#### WHAT YOU HAVE TO DO
The listing below is to be copied exactly, with pictures excluded.

#### GIVEN INFORMATION
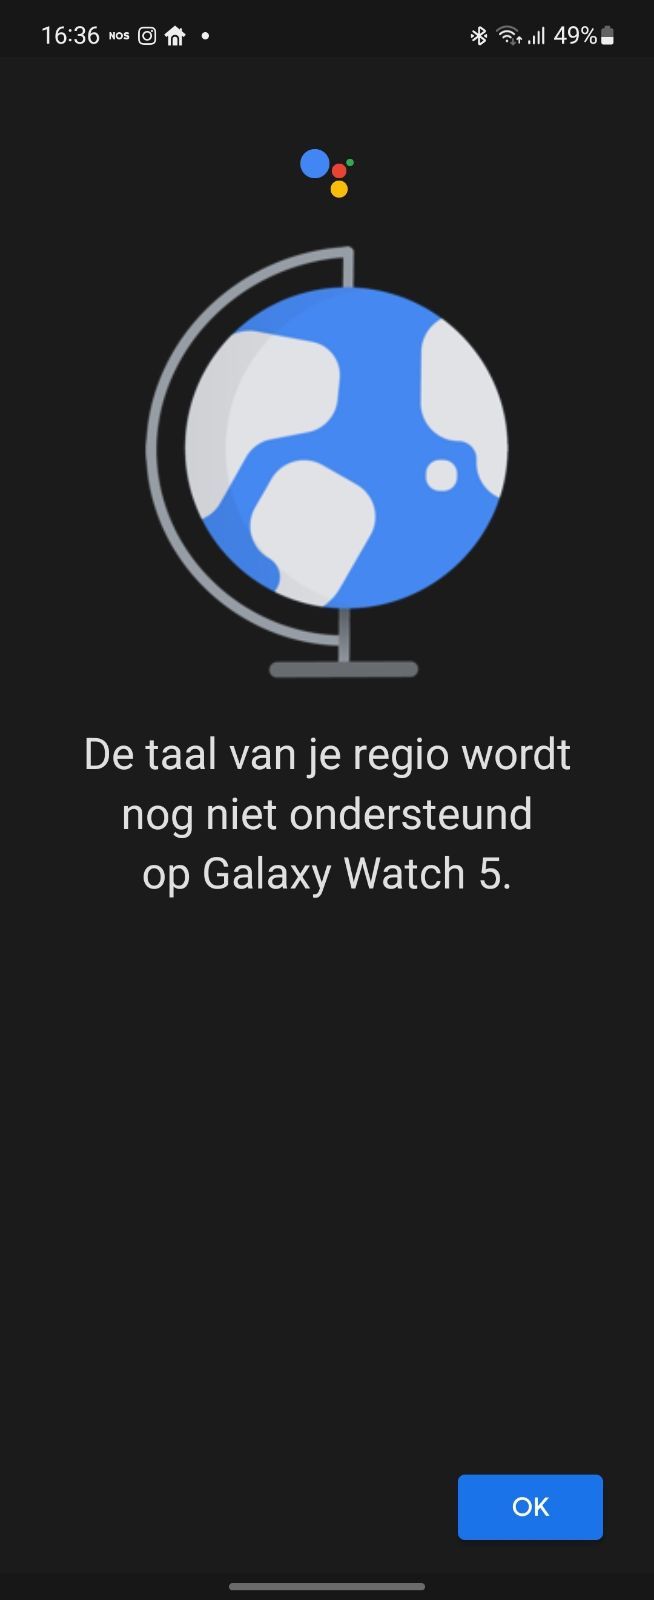 Samsung Galaxy Watch 5: this is how you get the Dutch Google Assistant working
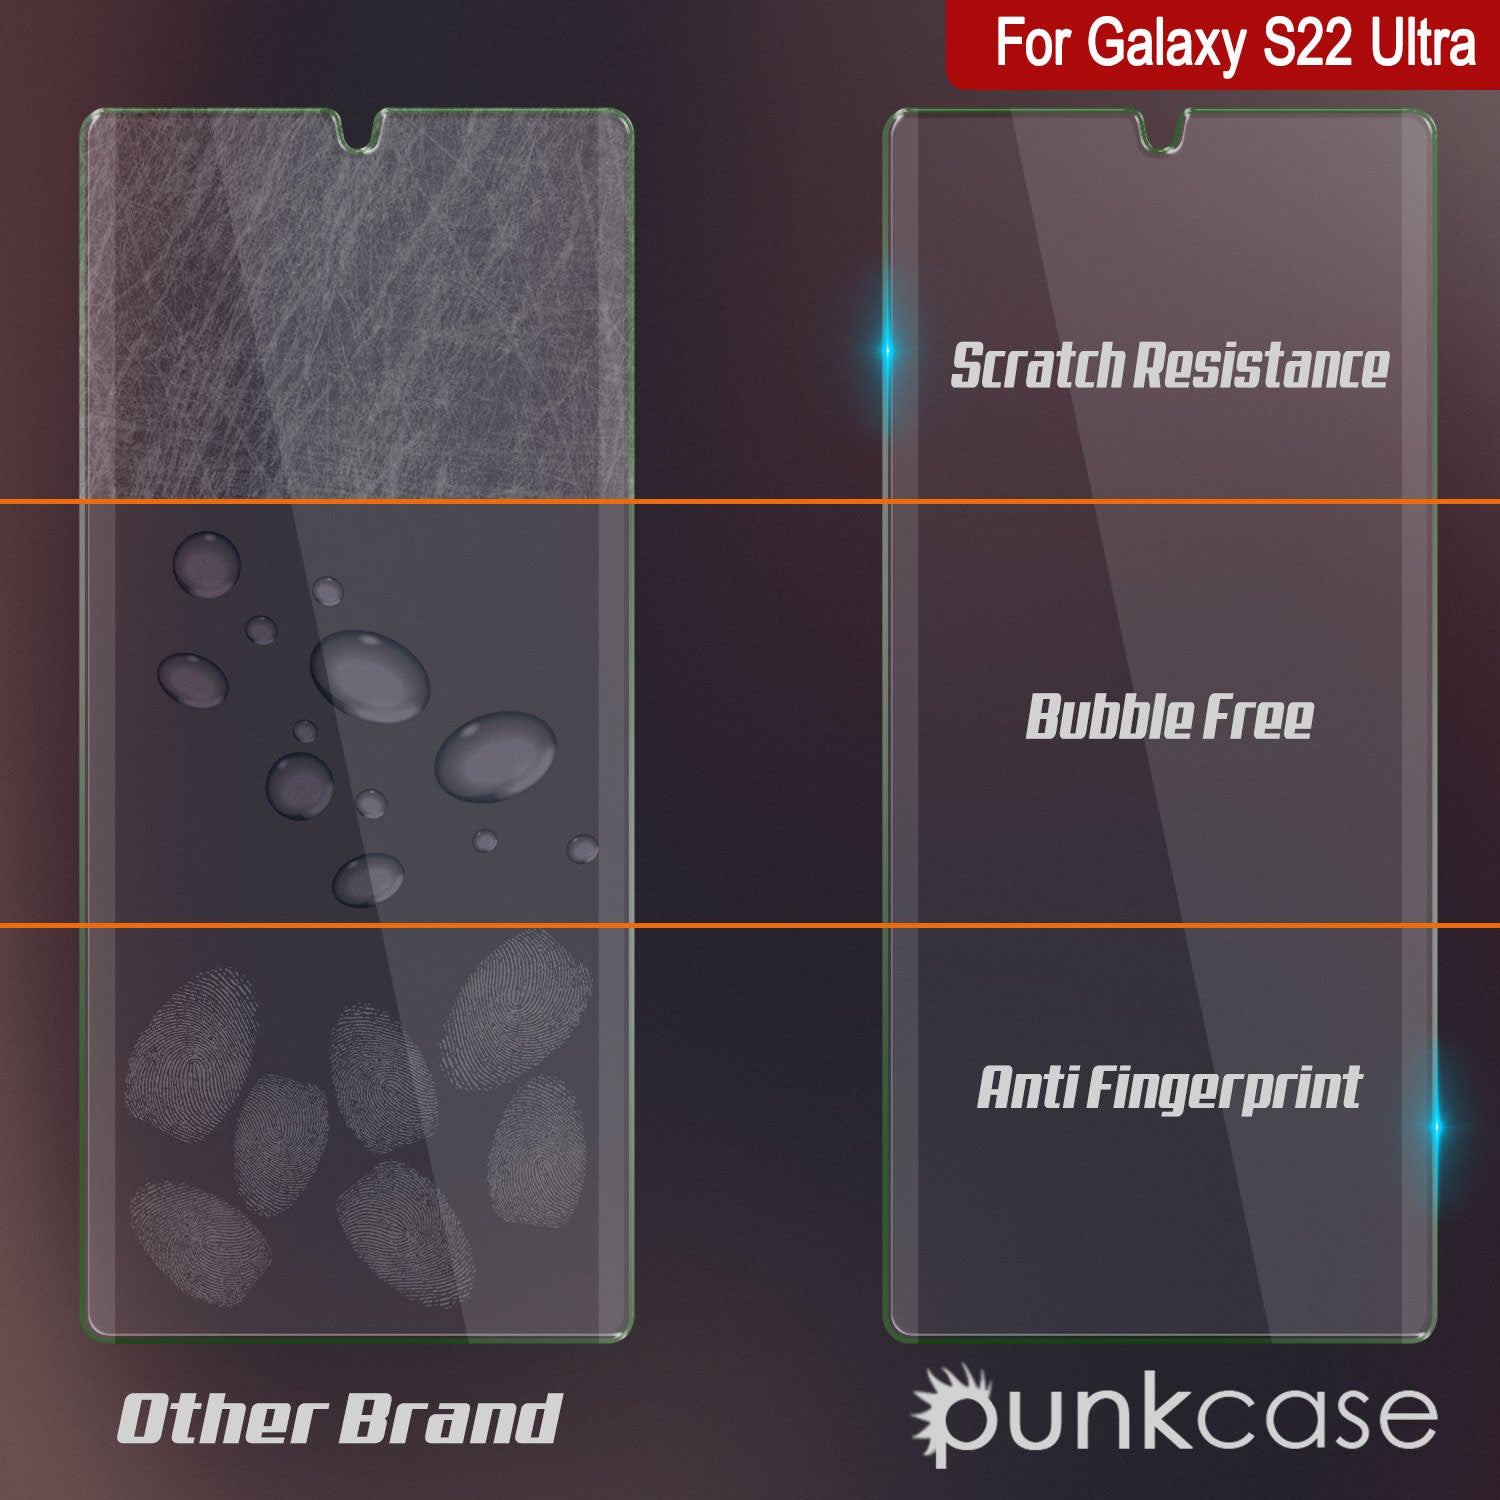 Galaxy S22 Ultra White Punkcase Glass SHIELD Tempered Glass Screen Protector 0.33mm Thick 9H Glass
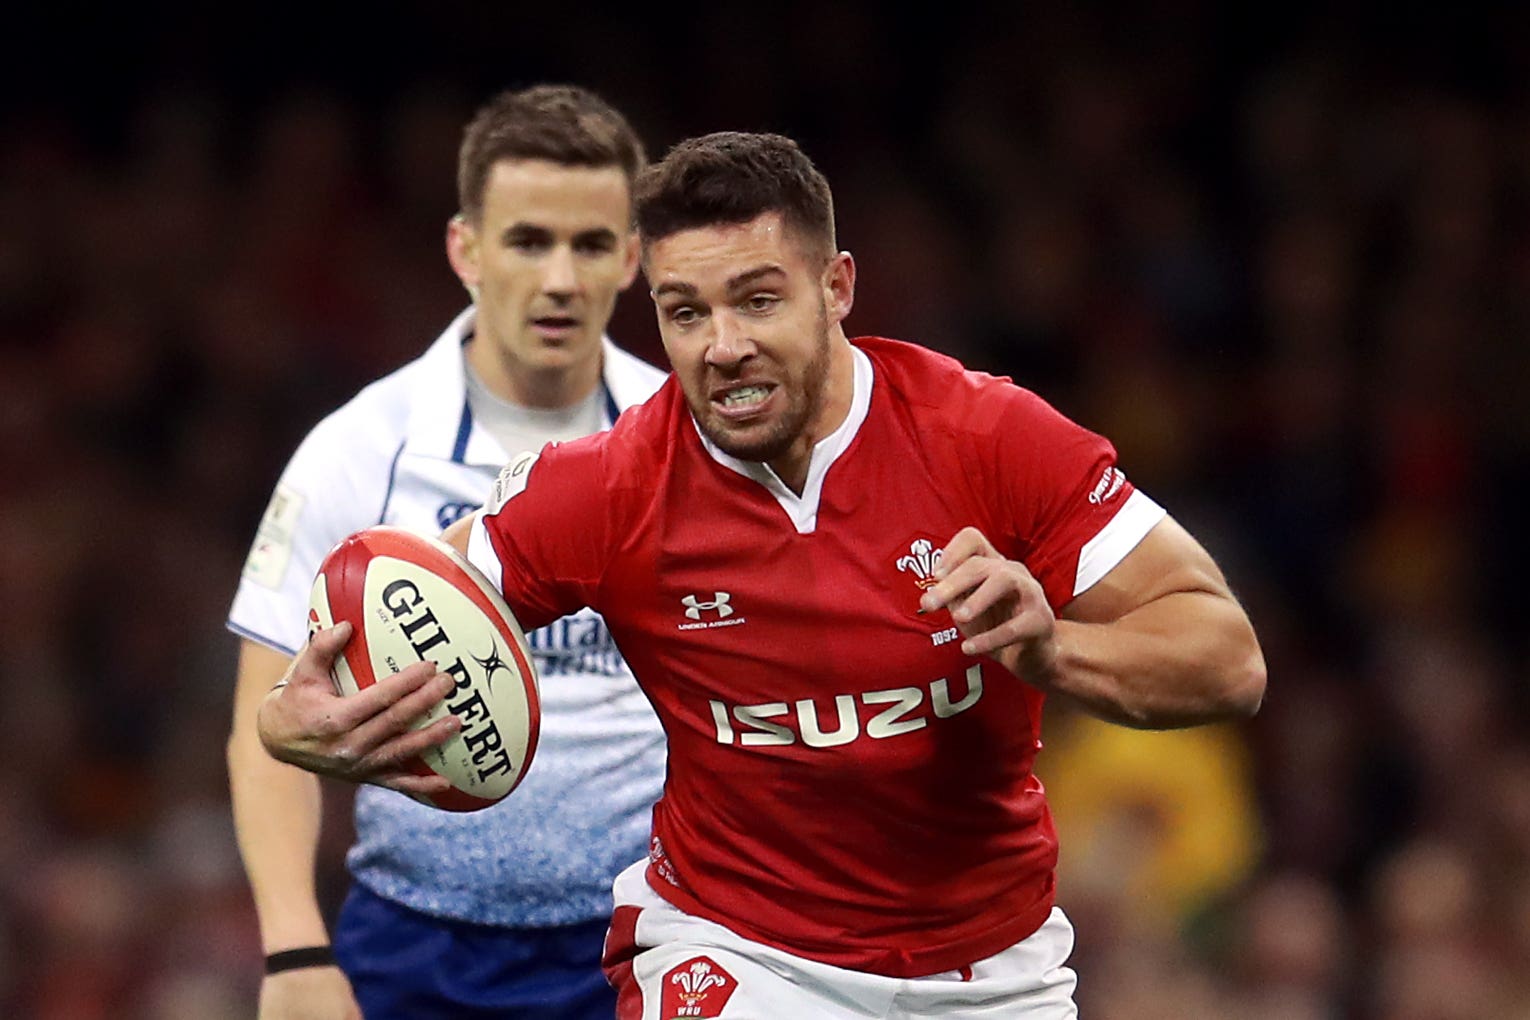 Rhys Webb has announced his retirement from international rugby

#### SOLUTION
 Samsung Galaxy Watch 5: this is how you get the Dutch Google Assistant working
 Galaxy S22 Ultra White Punkcase Glass SHIELD Tempered Glass Screen Protector 0.33mm Thick 9H Glass
 Rhys Webb has announced his retirement from international rugby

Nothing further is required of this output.